15. Eighth, the Fatu bands themselves are adjusted: there are now five bands (the fourth Fatu band being subdivided), and the sentencing start points for bands one to four are lowered from those previously applying.

16. Ninth, judges need to be willing to set starting points in sentences beneath the stated entry points where culpability is truly low; most likely where a defendant plays a lesser role in offending.

17. Tenth, as to Issue 2 (the relevance of an offender’s personal circumstances, particularly addiction issues), at stage two of the sentencing exercise, personal mitigating circumstances relating to the offender are applicable to all instances of Class A drug offending, including methamphetamine dealing, as in the case of any other offending.

18. Eleventh, addiction shown to be causative of the offending is a mitigating consideration.

It may in its own terms justify a sentence discount of up to 30 per cent, although that is not to be treated as an absolute limit. Addiction will often combine with mental health issues, and the two may need to be considered in combination, although without the doubling-up of an otherwise appropriate discount.

Addiction also calls for consideration of a rehabilitative response as part of sentencing.

19. Twelfth, poverty and deprivation (potentially but not necessarily resulting from loss of land, language, culture, rangatiratanga, mana and dignity) are matters that may be regarded in a proper case to have impaired choice and diminished moral culpability.

Such vulnerabilities (where established, and whether associated with addiction or not) require consideration in sentencing.

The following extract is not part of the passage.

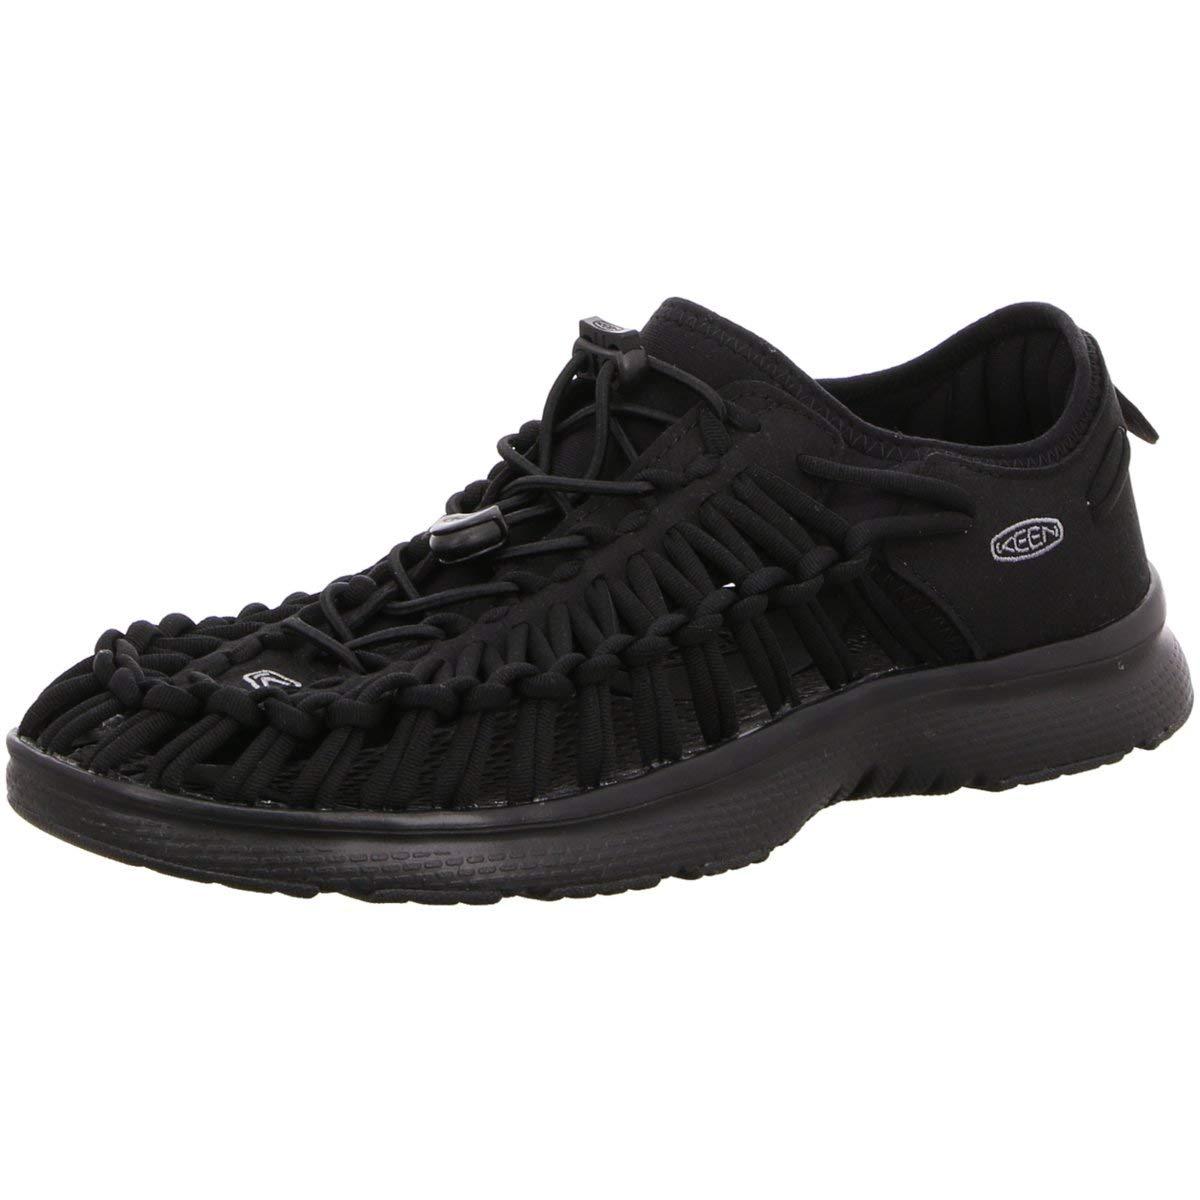 [キーン] メンズ 男性用 シューズ 靴 サンダル フラット Uneek O2 - Black/Black [並行輸入品] 7.5 D - Medium  B07C8GJ2T5

20. Thirteenth, counsel and sentencing judges are encouraged to make greater use of the power in s 25 of the Sentencing Act 2002 to adjourn sentencing to enable rehabilitation programmes to be undertaken. Use of that power is appropriate where independent evidence suggests the offending was caused by the factor(s) which the proposed programme is designed to target.

21. Fourteenth, as to Issue 3 (the approach to be taken to imposing minimum periods of imprisonment for methamphetamine offending), minimum periods of imprisonment must not be imposed as a matter of routine or in a mechanistic way. A reasoned analysis is required under s 86 of the Sentencing Act, both as regards the imposition of a minimum period of imprisonment and its length. If a practice has developed that an end sentence of nine years’ imprisonment automatically triggers a minimum period of imprisonment, such a practice must cease.

22. Fifteenth, deterrence, denunciation and accountability are likely to be at the forefront of decisions in drug cases involving the imposition of a minimum period of imprisonment.

As a general rule, therefore, lengthy minimum periods of imprisonment are properly reserved for cases involving significant commercial dealing.

23. Sixteenth, this judgment applies to all sentencings that take place after the issue of this judgment regardless of when the offending took place. It applies to sentences that have already been imposed, if and only if two conditions are satisfied: (1) an appeal against the sentence has been filed before the date the judgment is delivered and (2) the application of the judgment would result in a more favourable outcome to the appellant.


24. Applying these principles, four sentence appeals (of the six) succeeded, and two were dismissed.